- Gabbadah
- Coordinates: 31°17′S 115°31′E﻿ / ﻿31.29°S 115.52°E
- Country: Australia
- State: Western Australia
- LGA(s): Shire of Gingin;
- Location: 90 km (56 mi) NNW of Perth; 44 km (27 mi) WNW of Gingin; 36 km (22 mi) SE of Lancelin;

Government
- • State electorate(s): Moore;
- • Federal division(s): Durack;

Area
- • Total: 65.3 km^{2} (25.2 sq mi)
- Elevation: 38 m (125 ft)

Population
- • Total(s): 764 (SAL 2021)
- Postcode: 6041
Localities around Gabbadah
| Seabird | Breton Bay |  |
| Indian Ocean | Gabbadah | Neergabby |
| Guilderton | Caraban | Woodridge |

= Gabbadah, Western Australia =

Gabbadah is a locality within the Shire of Gingin, located around 30 km north of Perth metropolitan area's northern limit.

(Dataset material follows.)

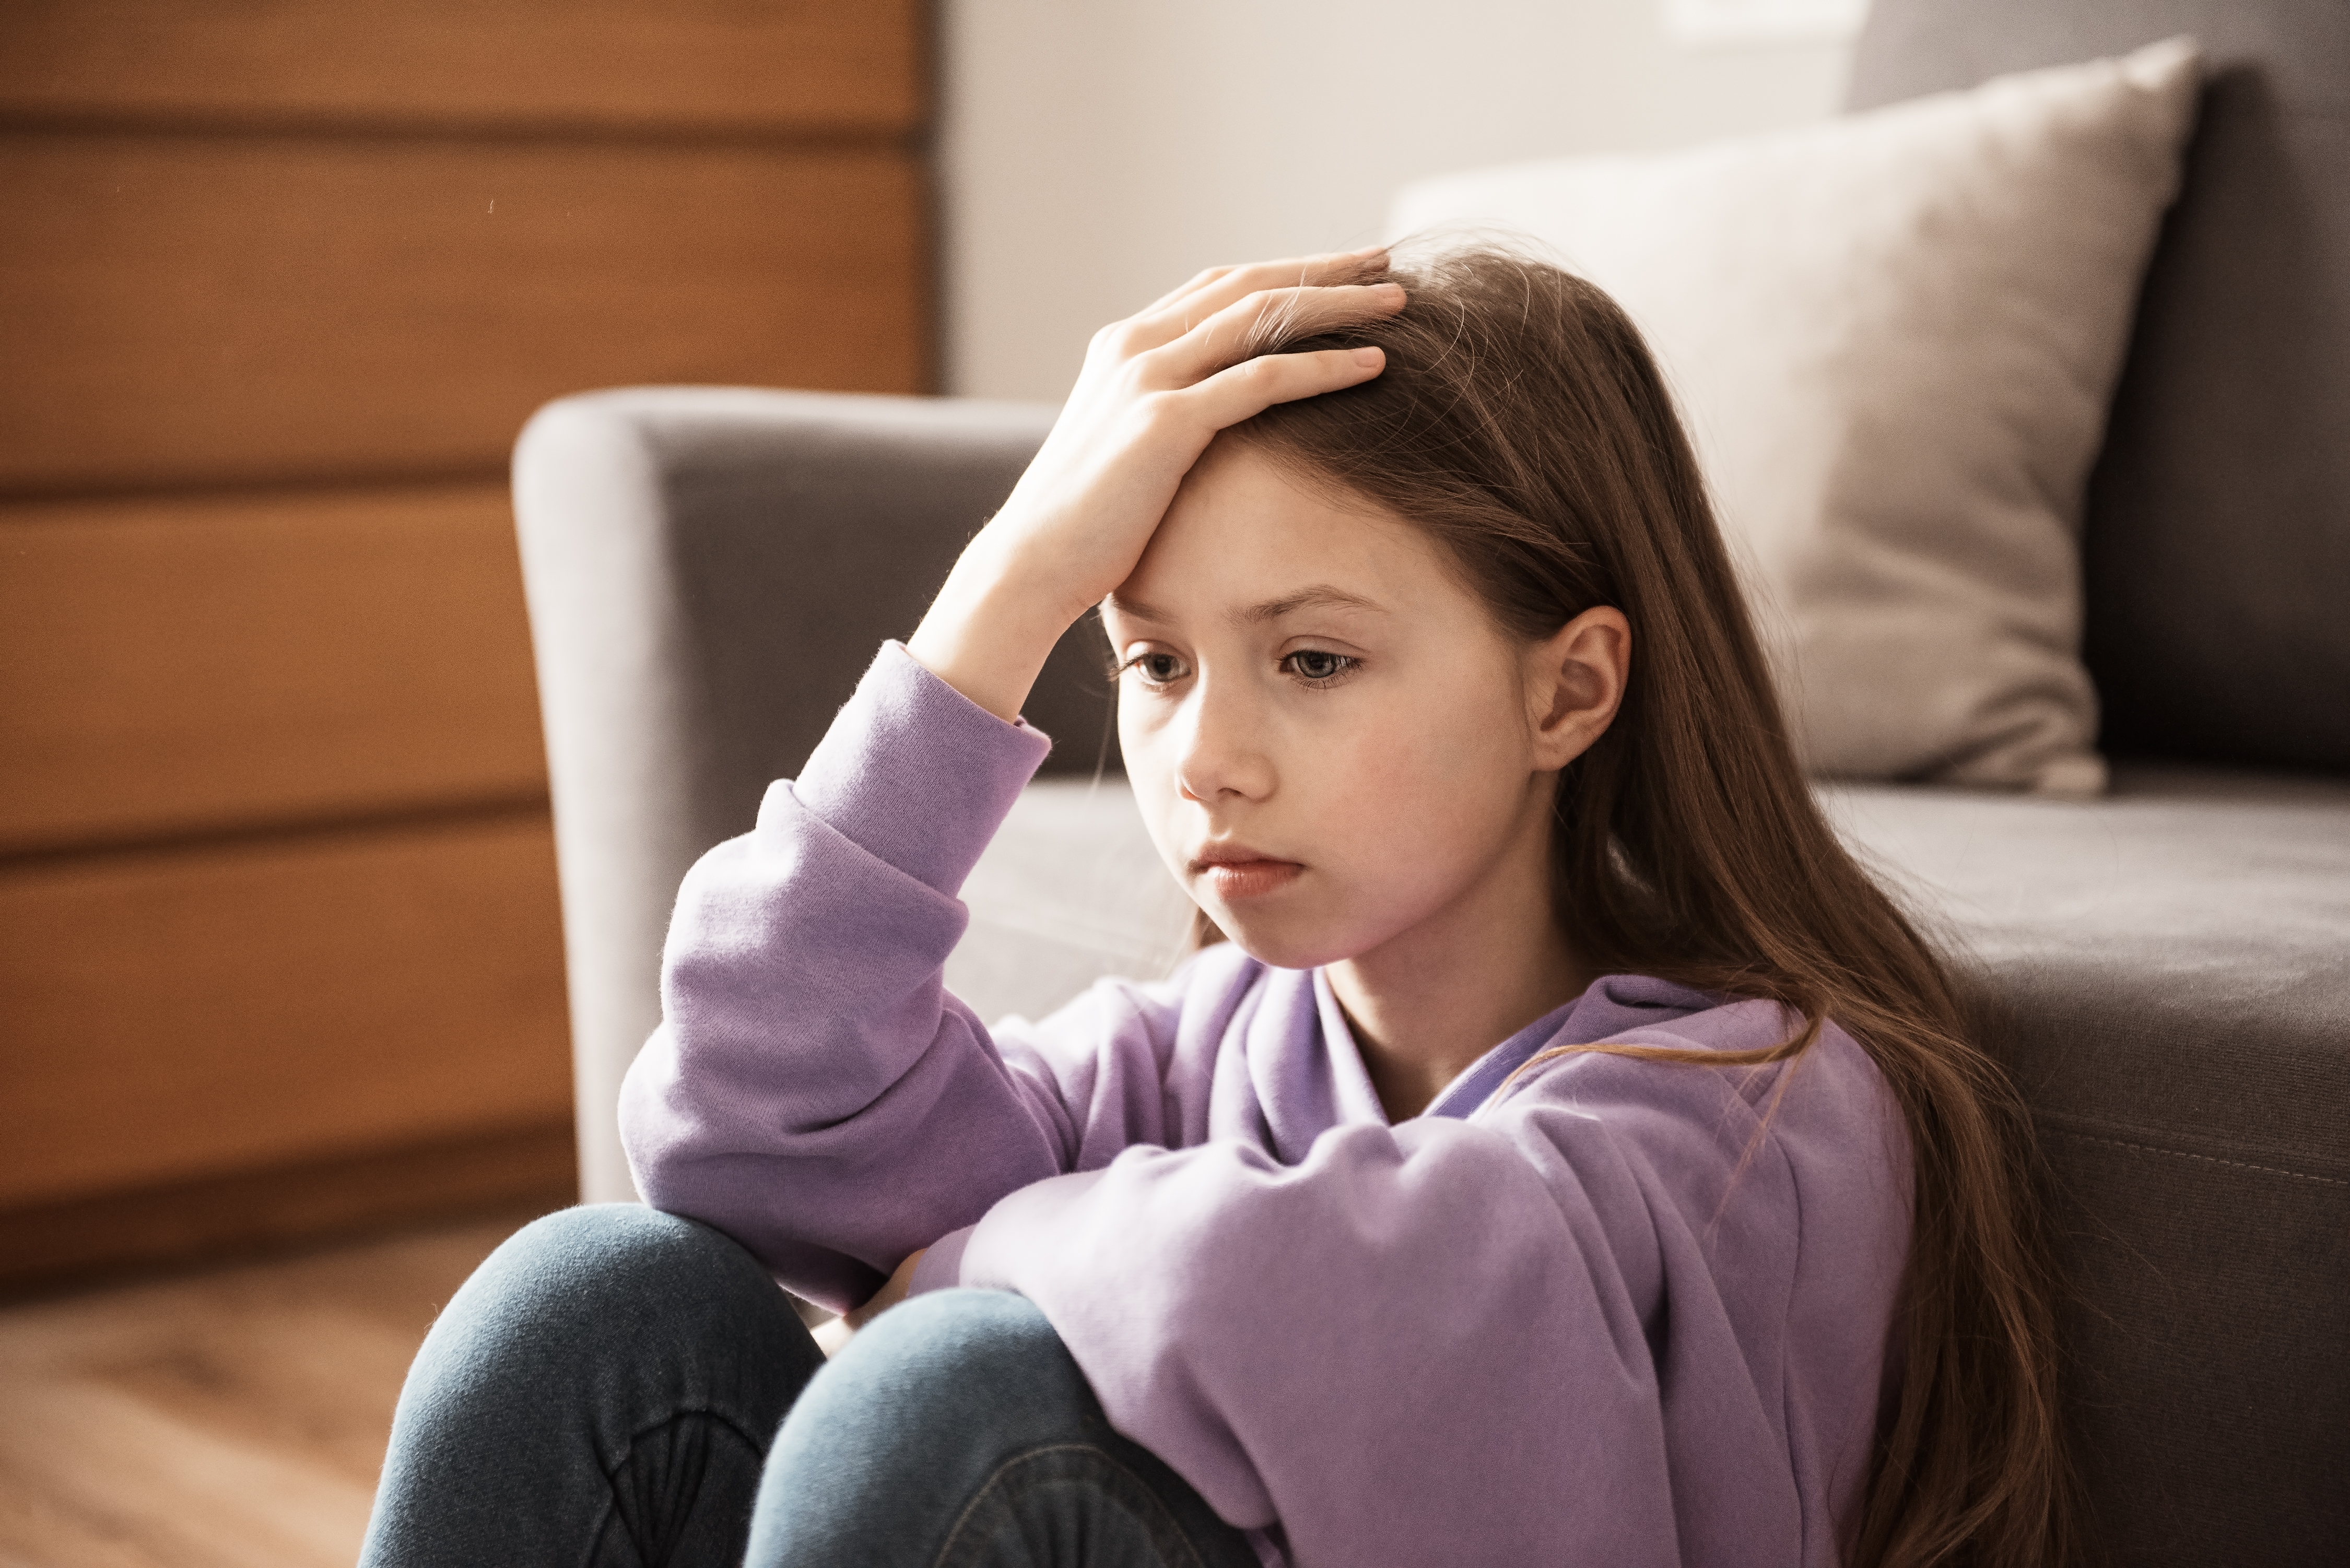 Une adolescente déprimée est photographiée assise à l'intérieur | Source : Shutterstock
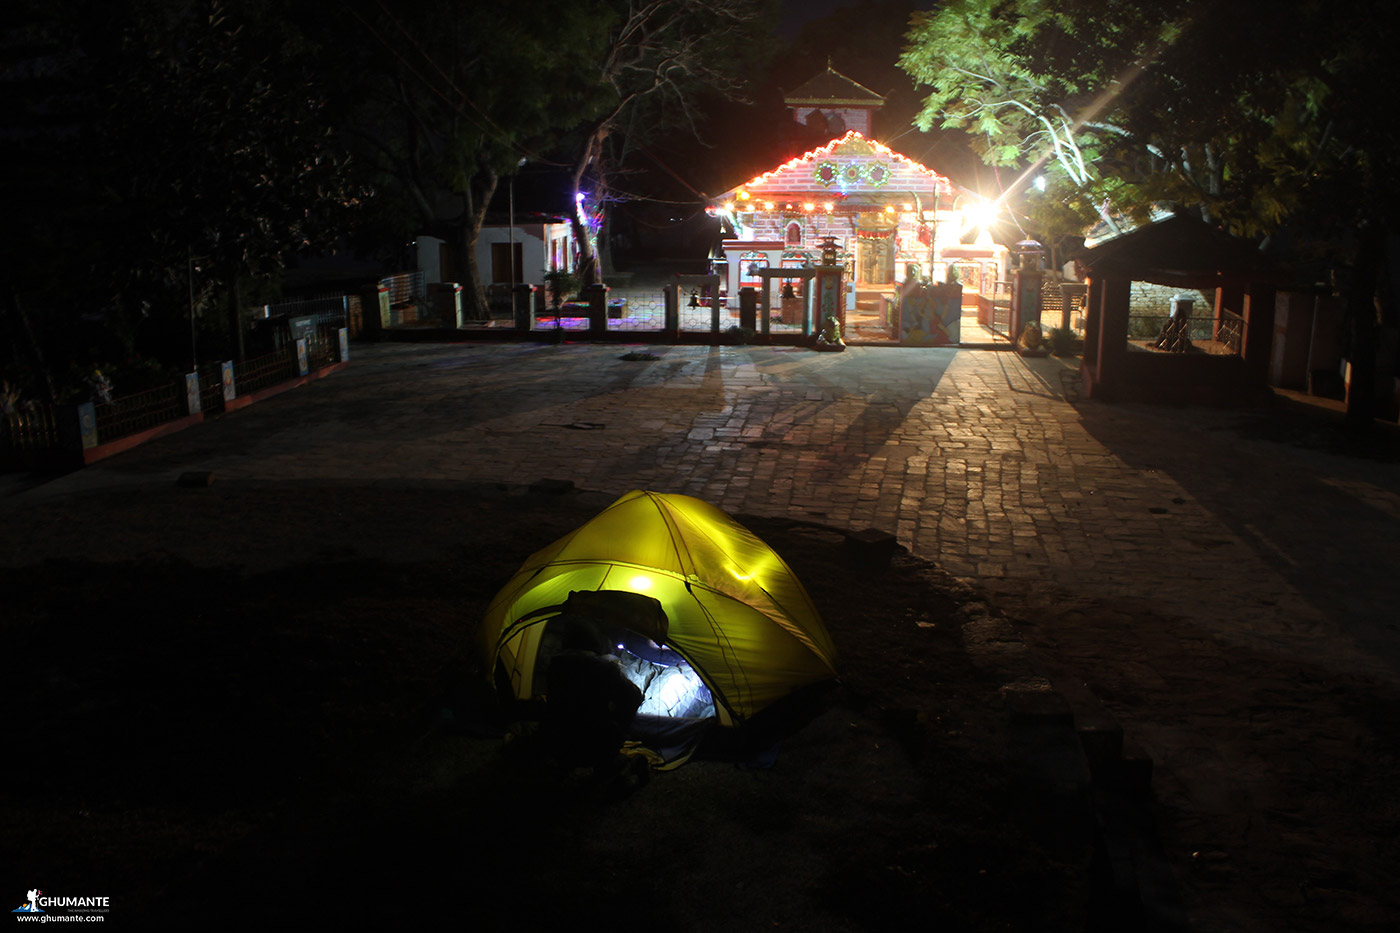 Camping in Siligudi

Gabbadah, an Aboriginal term meaning "mouthful of water", was the original name of the location where the Moore River meets the Indian Ocean. The area marks the southern extent of the Yued Noongar country, with white settlement not occurring until 1905 where a 100-acre block owned by Henry Brockman, was made a reserve for picnicking and camping. A well and 3 cottages were built in 1907 and people were charged one shilling per week for the use of these cottages. The settlement continued to develop until it was regazetted as the town of Guilderton in 1951.

Modern day Gabbadah is used to define the postcode boundary for the coastal region separating the towns of Guilderton and Seabird with the eastern limit marking the Moore River State Forest. Indian Ocean Drive bisects the area in two, with the vast majority of the residential development occurring to the east in the form of two semi-rural residential estates. Redfield Park Estate, the more northerly of the two, lies halfway between Indian Ocean Drive's turnoffs to Seabird and Guilderton while Sovereign Hill Estate is situated just east after the latter turnoff (towards Perth). Two sand and limestone quarries are located near the boundary with Guilderton.

The two estates have a combined permanent population of 764 as of the . This technically makes Gabbadah the third most populated locality in the Shire of Gingin (after Gingin itself and Lancelin) and is in fact more than twice the combined population of the two gazetted towns the locality separates.